▽

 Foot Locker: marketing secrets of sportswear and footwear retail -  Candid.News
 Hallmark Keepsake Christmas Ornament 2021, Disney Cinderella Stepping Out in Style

△
▽

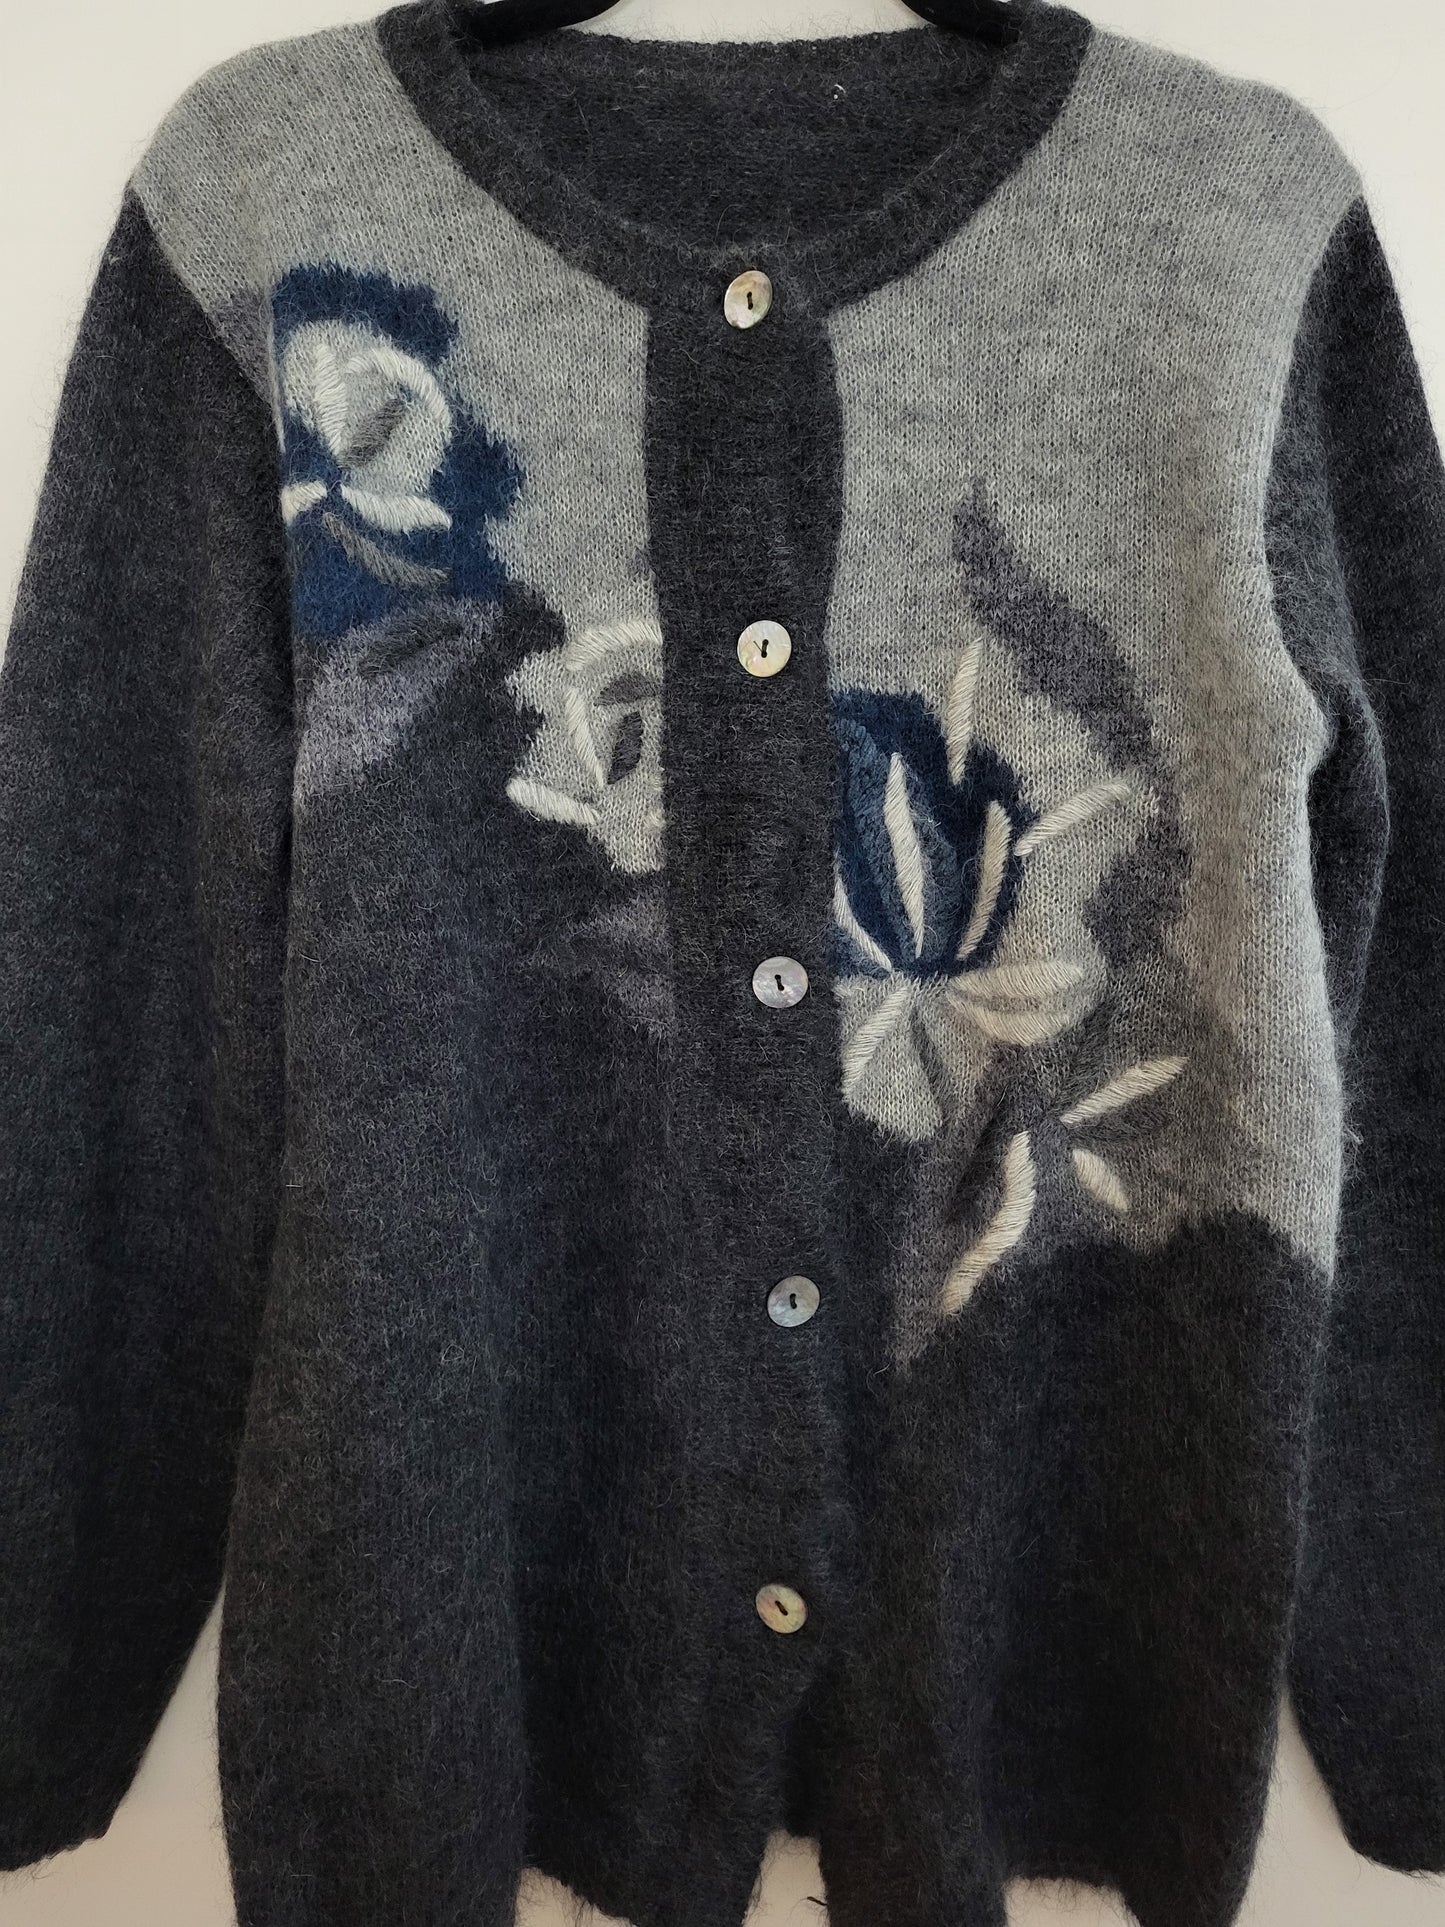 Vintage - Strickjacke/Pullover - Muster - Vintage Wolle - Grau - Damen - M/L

△

▸ REQUIRED ACTION:
Reproduce the lines of the entries above from the one with "Foot Locker: marketing" to the one with "Hallmark Keepsake Christmas", both included, exactly and without any other line.

▸ REPLY:
 Foot Locker: marketing secrets of sportswear and footwear retail -  Candid.News
 Hallmark Keepsake Christmas Ornament 2021, Disney Cinderella Stepping Out in Style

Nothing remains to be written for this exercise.